People like Eliezer and Nick Bostrom are living proof that if you say enough and sound smart enough people will listen to you and think you have credibility.

Meanwhile you won't find anyone on here who is an author for Attention is All You Need. You know the thing that actually is the driving force behind LLMs.

gjm11

4 months ago

The context is that rwaksmunski implied that people have been saying "AGI is 10 years away" for ages, and I was pointing out that the sort of people who say "AGI is X years away" have not in fact been setting X=10 until very recently.

I wasn't claiming that the people on that list are the smartest or best-informed people thinking about artificial intelligence.

But, FWIW, from about 13:20 in https://www.youtube.com/watch?v=_sbFi5gGdRA Ashish Vaswani (lead author on that paper) being asked what will happen in 3-5 years and if I'm understanding him right he thinks AI systems might be solving some of the Millennium Prize Problems in mathematics by then; from about 17:10 he's asked about how scientists will work ~5 years in the future and he says AI systems will be apprentices or collaborators; at any rate he's not not saying that human-level AI is likely to come in the near future.

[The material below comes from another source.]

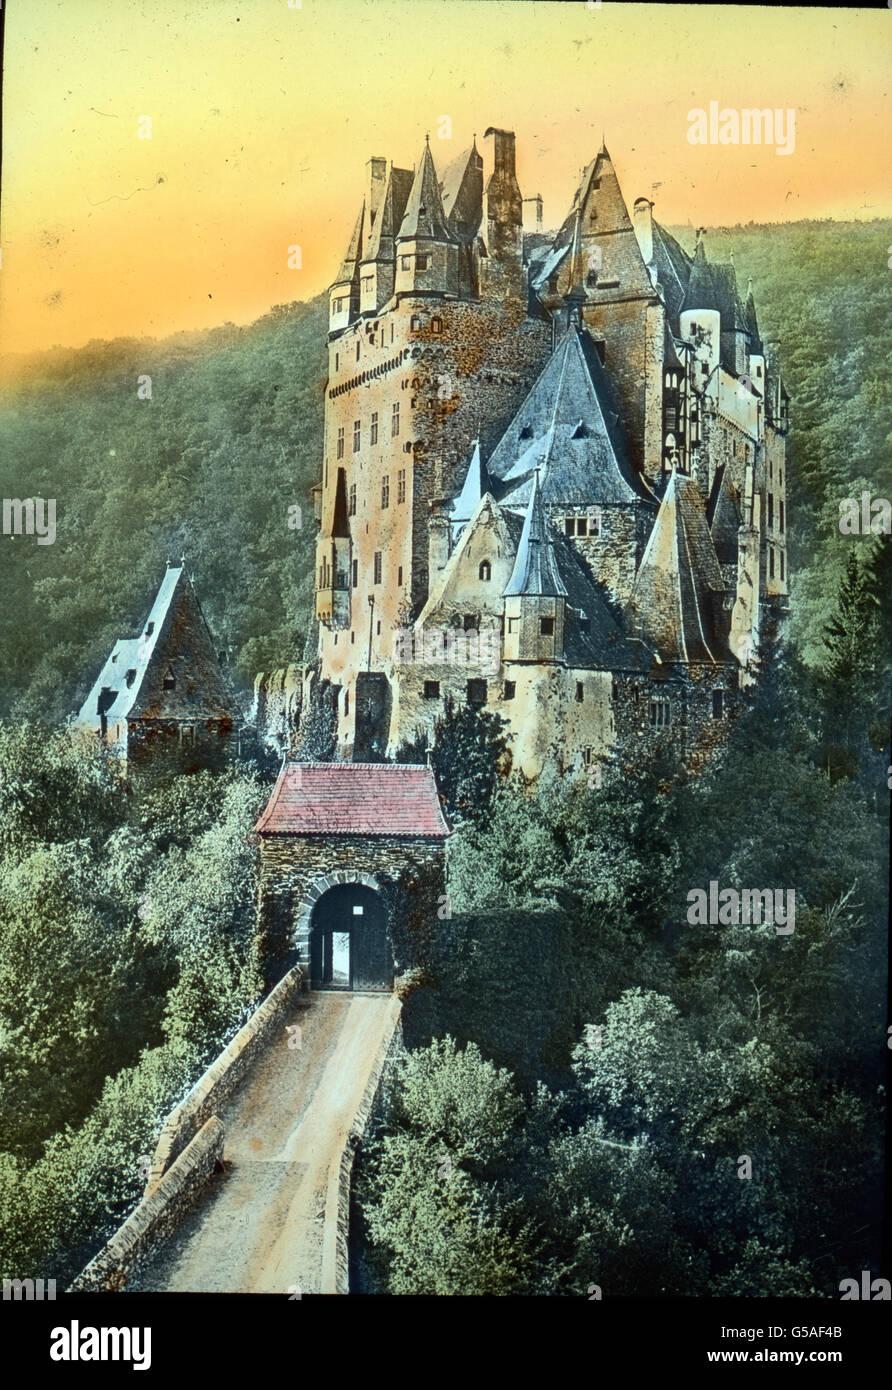 Die Burg Eltz. Germany, 1910s, 1920s, 20th century, archive, Carl Simon, travel, history, historical, castle, architecture, - Stock Image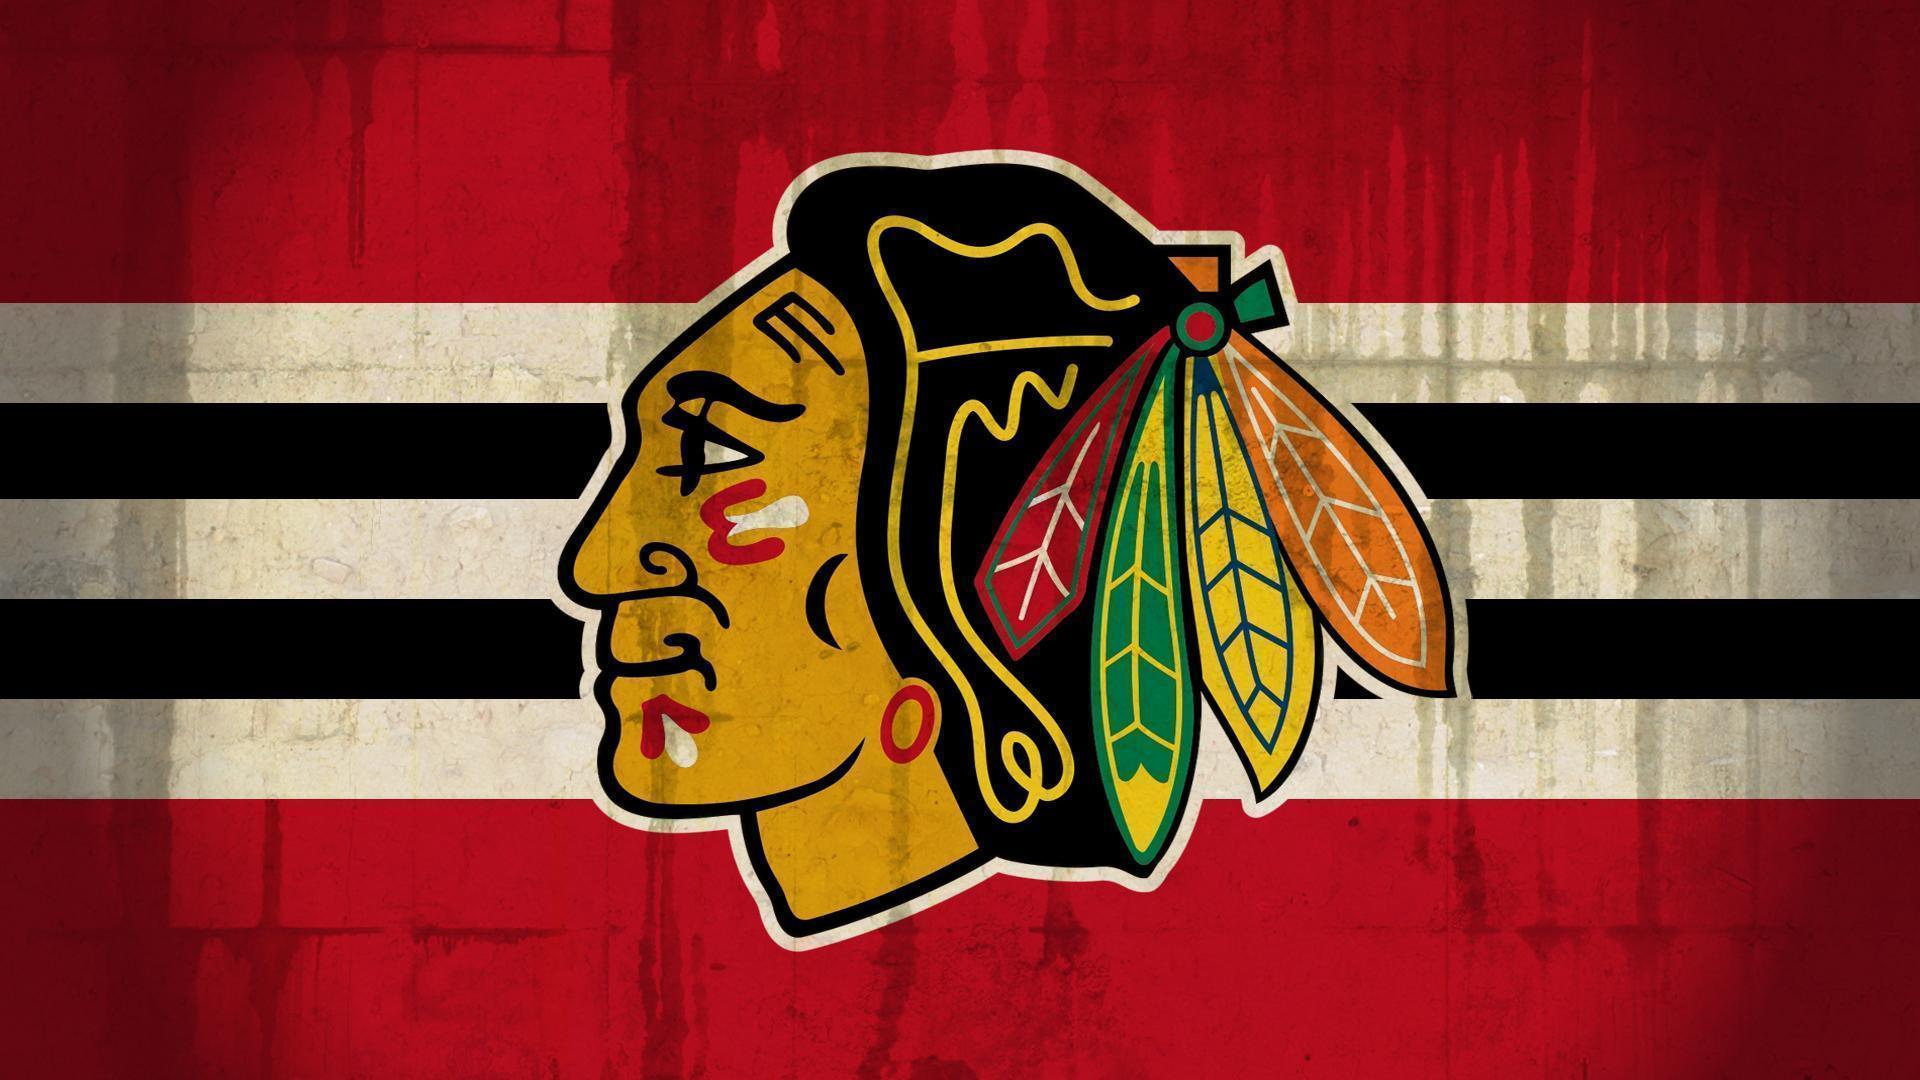 Free chicago blackhawks wallpapers wallpaper cave chicago blackhawks logo wallpaper voltagebd Images

From about 1:12:40 in https://www.youtube.com/watch?v=v0gjI__RyCY Noam Shazeer (second author on that paper), in response to a question about "fast takeoff", says that he does expect a very rapid improvement in AI capabilities; he's not explicit about when he expects that to happen or how far he expects it to go, but my impression from the other bits of that discussion I watched is that he too is not not saying that AI systems won't be at or beyond human level in the near future. From about 49:00 in https://www.youtube.com/watch?v=v0beJQZQIGA he's asked: if hardware progress stopped, would we still get to AGI? and he says he thinks yes, which in particular suggests that he does think AGI is in the foreseeable future though it doesn't say much about when.

That's all fairly vague, but I very much don't get the impression that either of these people thinks that AI systems are just dumb stochastic parrots or that genuinely human-level AI systems are terribly far off.

4 months ago

Both "general" and "intelligence" are _at least_ easily arguable without moving any goal posts, not that goal posts have ever been well established in the first place.

user

4 months ago

[deleted]

walkabout

4 months ago

I think a baseline requirement would be that it… thinks. That’s not a thing LLMs do.

adastra22

4 months ago

That’s an odd claim, given that we have so-called thinking models. Is there a specific way you have in mind in which LLMs are not thinking processes?

blibble

4 months ago

dlivingston

4 months ago

??? Many developers, experienced and not, play around with vibe coding. Is your critique of him that he has tried vibe coding?

theusus

4 months ago

I’m critiquing him that he lied in his claim. And anyone who claims same is just farming engagement.

user

4 months ago

[deleted]

strangescript

4 months ago

I love Karpathy, but he is wrong here. In a few short years we went from chat bots being toys and video creation predicted to be impossible in the near term to agents writing working apps and high def video that occasionally is indistinguishable from real life.

The rate depth, breadth and frequency of releases has only increased, not decreased. Meanwhile, everyone is waiting on bated breath for Gemini 3 to drop. A decade for reliable agents is not only comical, but willful cognitive dissonance at this point.